Akibat angka yang tinggi ini, terjadi kesenjangan besar di berbagai industri dan bidang, baik sipil maupun militer. Perempuan dengan cepat mengambil peran di bidang-bidang ini.

“Selain peran tradisional seperti perawat atau sekretaris, banyak yang menjadi tukang las, pengemudi, pilot, atau bahkan tentara,” jelas Whittaker.

Sejak Perang Dunia I, perempuan telah bergerak menggantikan peran pria dalam berbagai posisi. Mereka mengambil posisi non-kombatan seperti juru tulis, pengemudi, perawat, dan pekerjaan berbahaya. Di Inggris perempuan bekerja di pabrik amunisi atau disebut “Munitionettes”. 

Ketika Perang Dunia II meletus, konflik yang jauh lebih besar, membutuhkan lebih banyak perempuan yang dipekerjakan daripada Perang Dunia I. Ribuan perempuan mencari pekerjaan.

Di masa itu, Whittaker menjelaskan, peran apa yang diambil perempuan berbeda-beda di setiap negara. Hal ini mengikuti kebijakan dari setiap negara. 

“Beberapa negara melarang perempuan untuk ikut berperang, seperti Inggris atau Amerika Serikat,” jelas Whittaker. “Uni Soviet tidak memiliki keengganan, dan banyak perempuan yang bertugas sebagai pilot, penembak jitu, dan bahkan kru tank.”

Di AS, 19 juta perempuan dipekerjakan, atau tiga puluh enam persen dari keseluruhan. Di Britania Raya, perempuan mendominasi industri-amunisi, kimia, dan perkakas mesin.

Ideologi Nazi secara aktif melarang perempuan dari segala hal kecuali peran domestik sebagai ibu dan pengasuh anak. Namun, Perang memiliki rencana lain–ribuan perempuan mengisi kekosongan mulai dari pekerja domestik hingga penjaga penjara, dan pekerja pertanian.

Perang Dunia II menawarkan peluang kepada perempuan yang tidak ada di Perang Dunia I. Teknologi baru menciptakan prospek seperti radar, dan peran-peran yang sebelumnya tertutup menjadi tersedia karena kebutuhan perang.

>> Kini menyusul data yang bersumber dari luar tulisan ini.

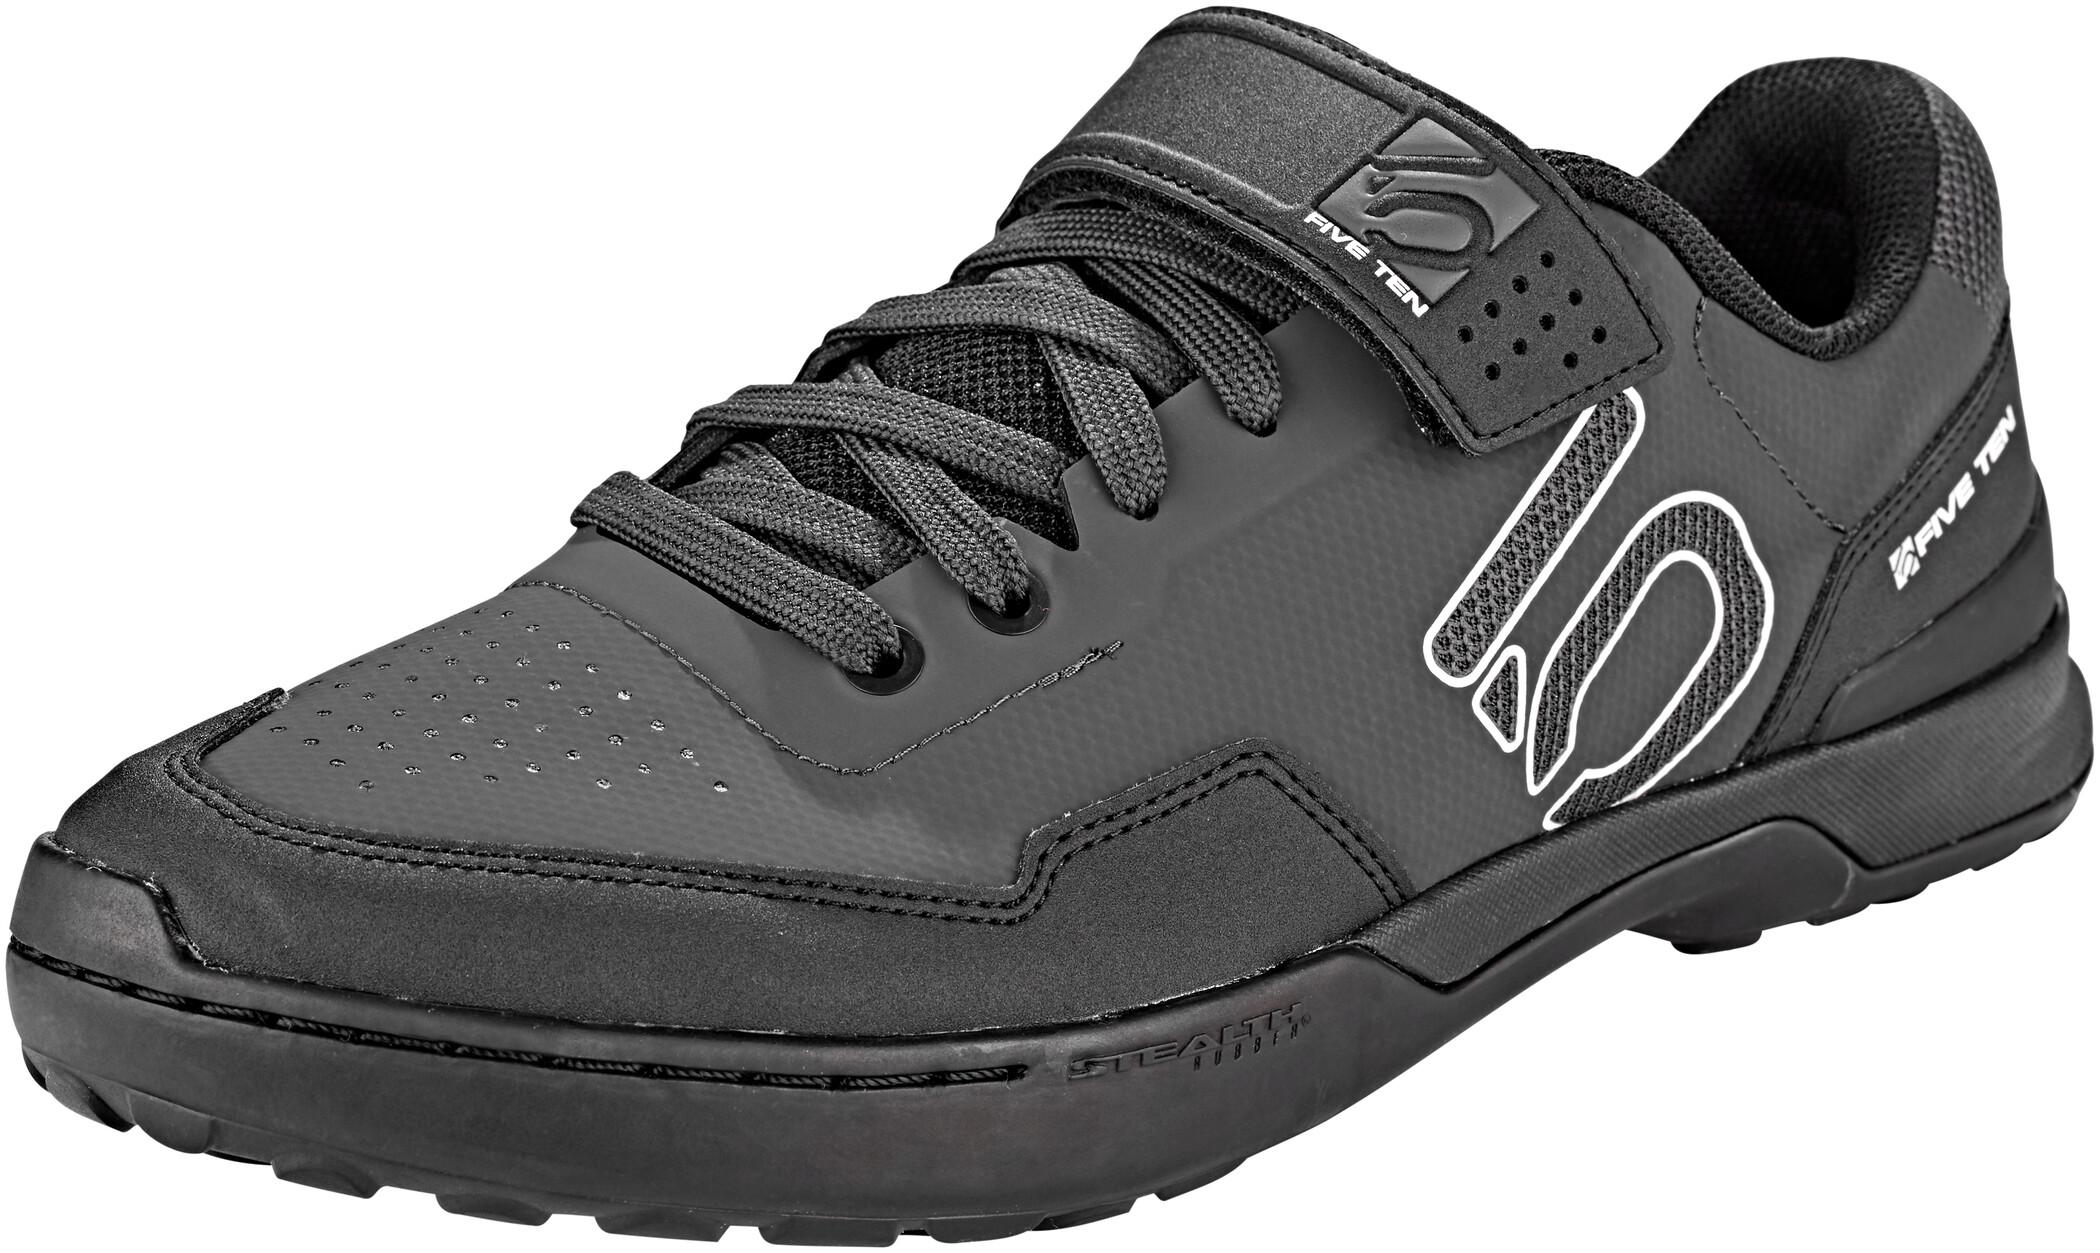 adidas Five Ten 5.10 Kestrel Lace Sko Herrer, carbon/core black/clgrey (2020) | Shoes
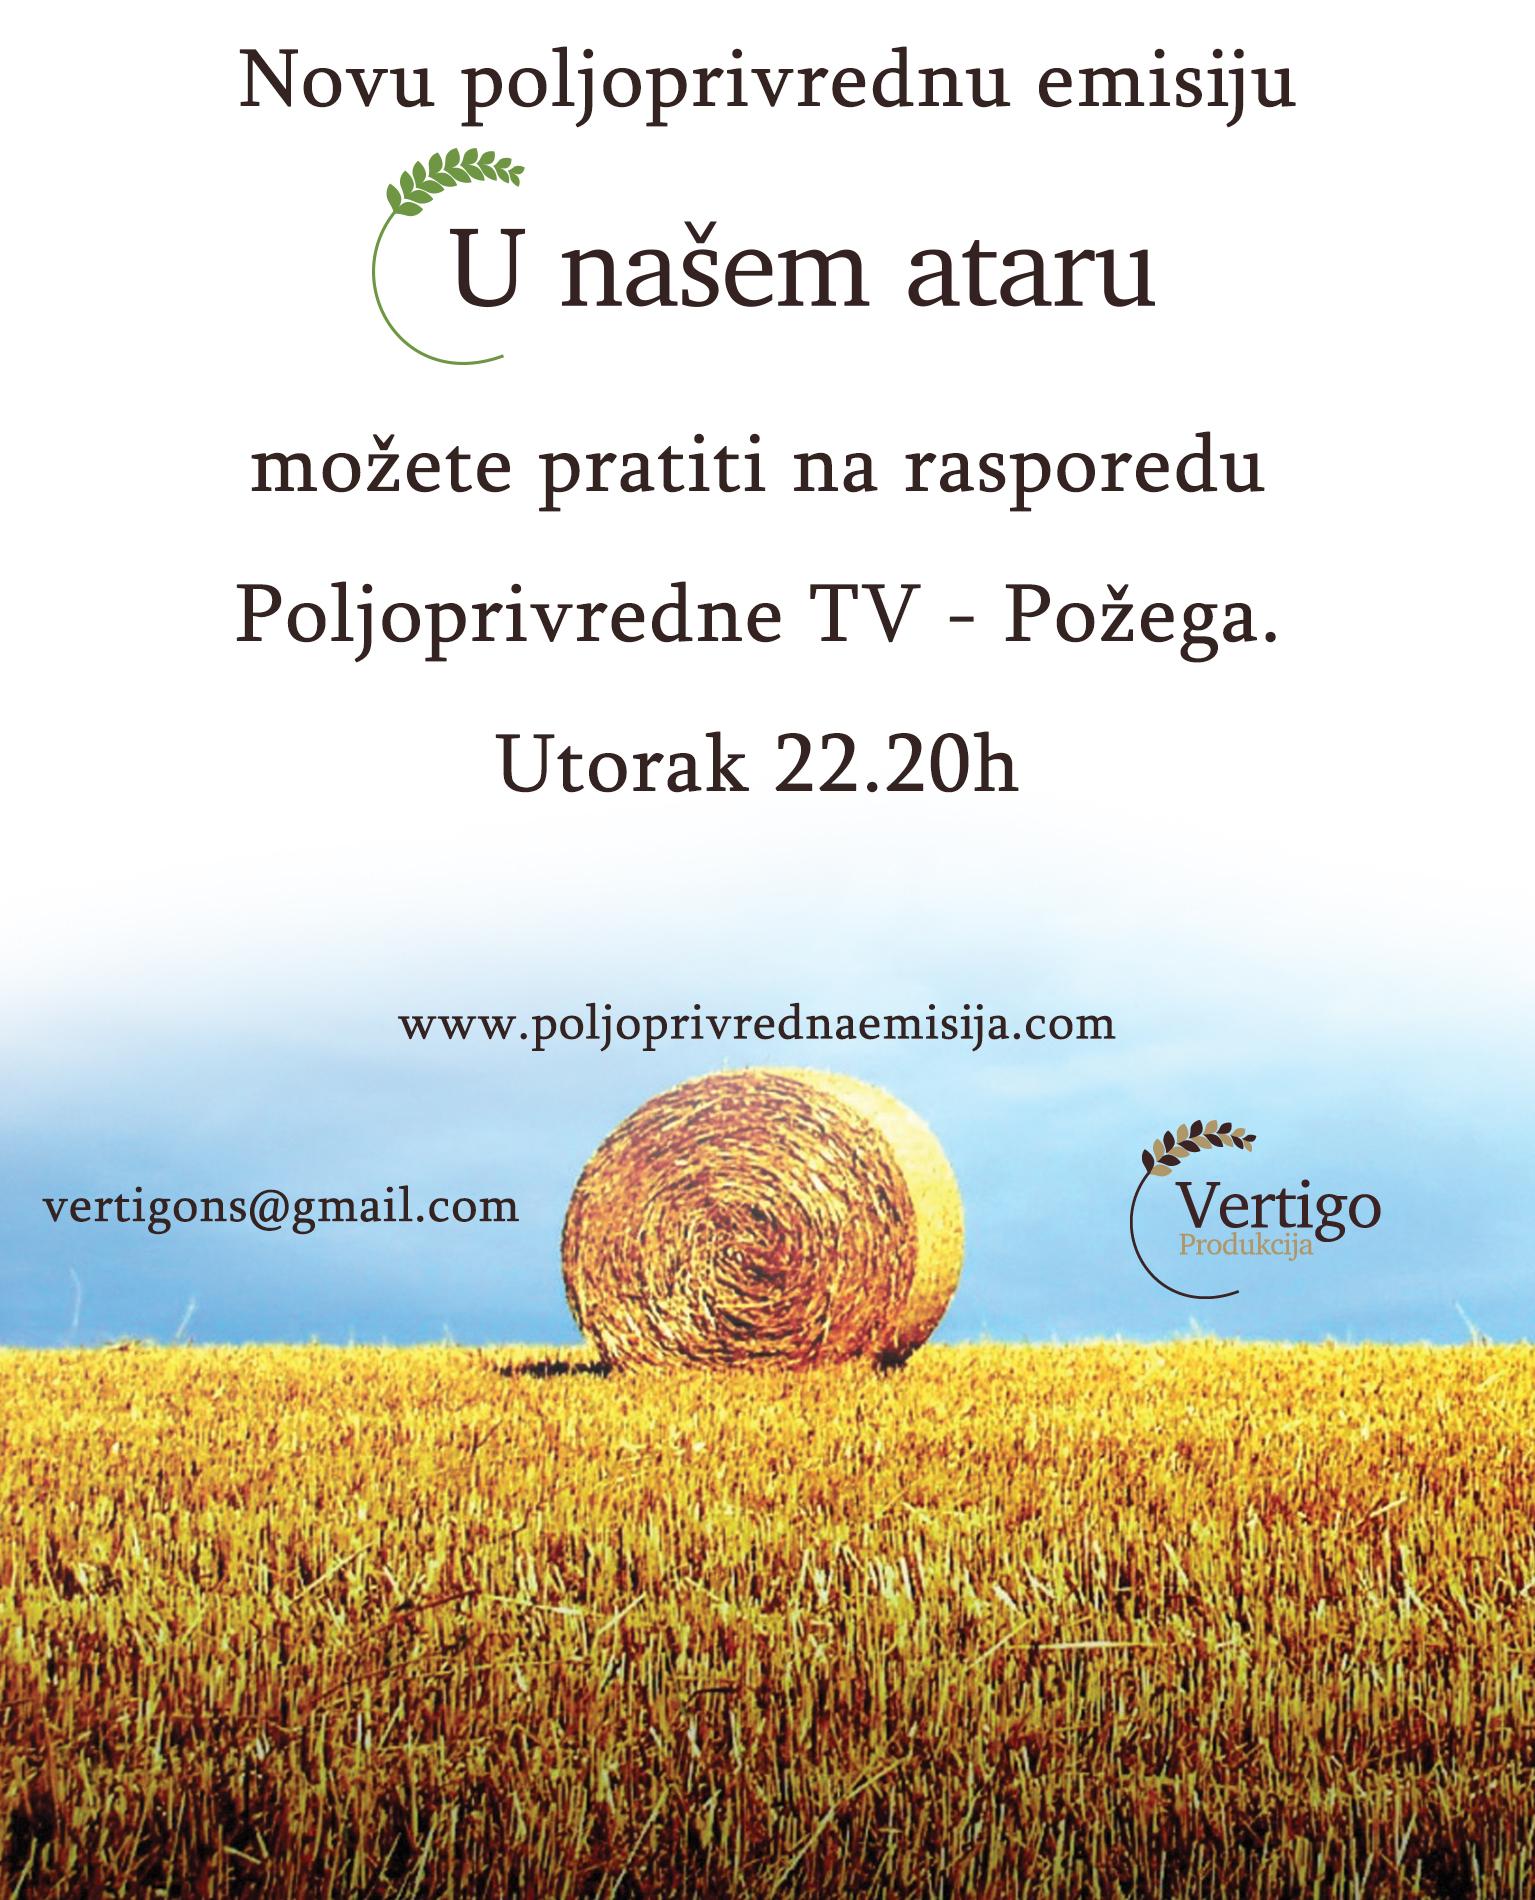 Nova poljoprivredna emisija

Perang Dunia II: Perempuan dalam Angkatan Udara

Lilya Litvyak, Katya Budanova, dan Mariya Kuznetsova adalah tiga jagoan yang ditakuti dari Resimen Tempur Wanita 588 Rusia, yang dipimpin oleh Olga Shirnina. (Museum Wright Perang Dunia II, Wolfeboro)

Radar, teknologi baru pada tahun 1940, membuka peluang bagi perempuan dalam Angkatan Udara Kerajaan Inggris Raya (RAF) sebagai plotter atau pengatur lalu lintas udara. Mereka bertugas mengarahkan pesawat tempur malam ke sasaran yang dituju. 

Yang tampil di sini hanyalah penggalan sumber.